Pourtant, la RD Congo a officiellement fait savoir qu’elle était "consternée" par les conclusions onusiennes, et qu’elle réclamait justice pour les crimes commis. Les Congolais ont en effet soif de justice. L’ONU s’est bien penchée sur les violences commises de 1993 à 2003. Mais les violences n’ont jamais cessé, puisque, encore aujourd’hui des groupes rebelles commettent viols et autres exactions dans l’est du Congo.
 

Kigali reproche aujourd’hui à l’ONU de se fonder sur des preuves insuffisantes. "Vu de l’Afrique, ce rapport paraît très douteux", explique Albert Rudatsimburwa, directeur de contact FM, une importante radio privée du Rwanda pro-Kagamé. "Comment quelques personnes pourraient-elles couvrir tous les évènements sur presque un sous-continent comme l’ex-Zaïre sur une période de 10 ans en quelques semaines ?", s’étonne-t-il au micro de France 24.

"Il y a eu des guerres, et donc des victimes, certes. Mais j’ai l’impression qu’une partie de l’ONU cherche à se venger d’une situation à laquelle ils n’ont pas pu faire face. Que ce soit, au Rwanda, où ils n’ont pas pu stopper le génocide où dans l’est du Zaïre, où ils n’ont pas pu venir en aide aux réfugiés. Aujourd’hui, ce sont les mauvaises personnes qui pointent du doigt des personnes qui ne sont pas les responsables", poursuit-il.

Peu après la fin du génocide de 1994, le Rwanda s'est senti menacé par la présence de ces réfugiés à la frontière, parmi lesquels se trouvaient d’anciens génocidaires.

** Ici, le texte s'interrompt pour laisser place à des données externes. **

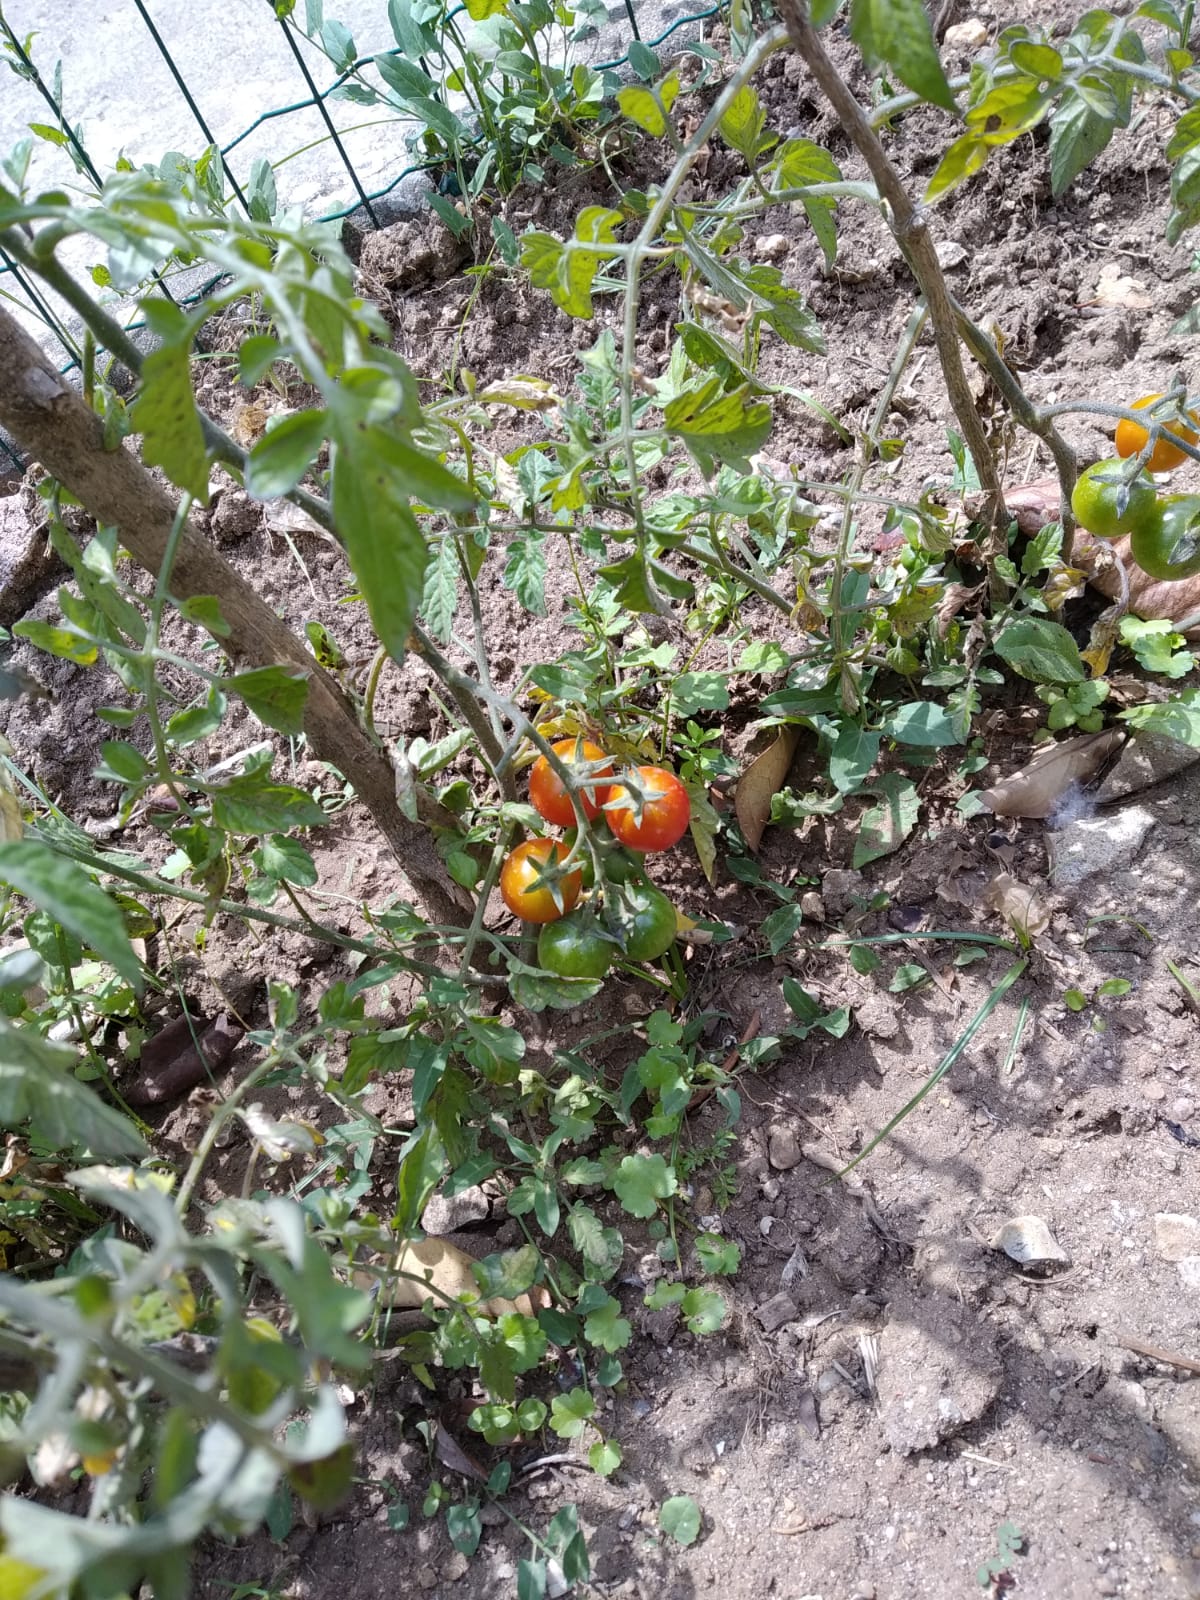 Tomates- Os tomates depois de maduros formam apanhados, lavados, divididos e comidos pelos alunos encarregues de tratar da horta.
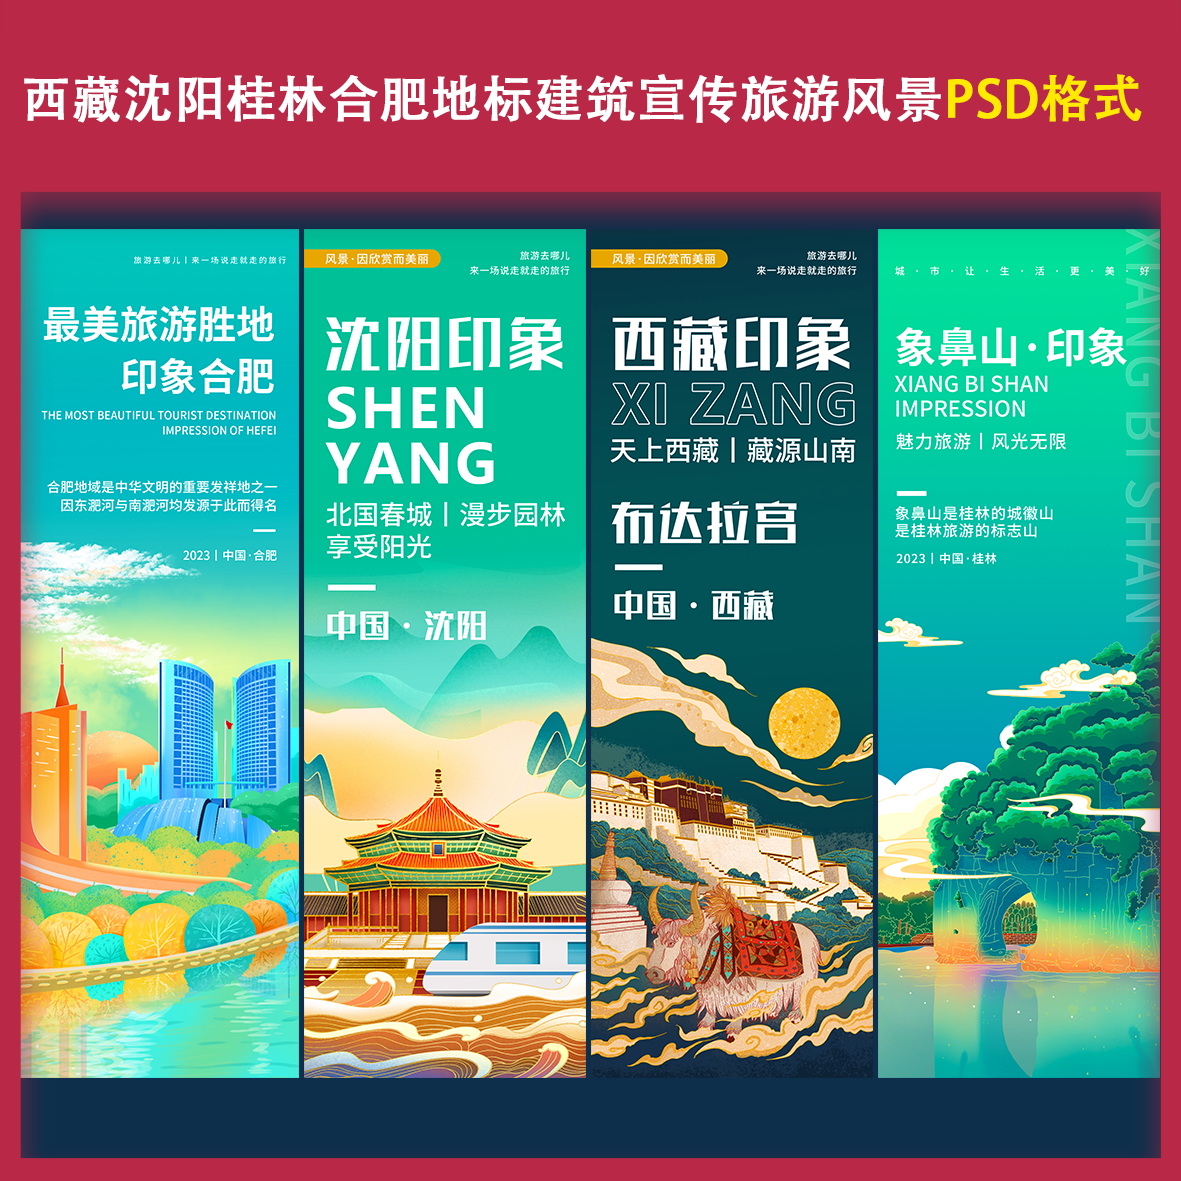 h4西藏沈阳桂林合肥地标建筑宣传旅游风景ps宣传海报主视觉素材文

Lorsque les forces rwandaises ont passé la frontière pour soutenir la rébellion congolaise, en guerre contre les autorités en place de 1996 à 1998, elles se sont par conséquent livrées à des violences contre les hutus dans l’est du Congo.

La théorie du "double génocide"

Dans son commentaire officiel sur le rapport, Kigali accuse aussi les Nations unies de chercher à "valider la théorie du double génocide", fondée sur le fait que l’armée aurait mis en place des représailles contre les hutus ayant fui dans l’est du Zaïre voisin.

Ces actes sont aujourd’hui au cœur de l’enquête menée par l’ONU, dont les conclusions sont publiées ce vendredi. Dans ce texte de 550 pages, les Nations unies détaillent une liste de 617 crimes graves ayant provoqué des dizaines de milliers de morts de civils entre 1993 et 2003. Il porte notamment sur des tueries, des viols et des pillages, qui, selon l’ONU, ont été perpétrés par des mouvements de rébellion, mais aussi par des armées nationales comme celles du Zaïre, de l’Angola, du Zimbabwe, et surtout celle du Rwanda.

Aujourd'hui, ces crimes pourraient être qualifiés, par la justice internationale, de "génocide". "Cette question ne peut être tranchée que par un tribunal compétent", a insisté le Haut commissaire aux droits de l'homme, Navi Pillay, lors de la divulgation du texte.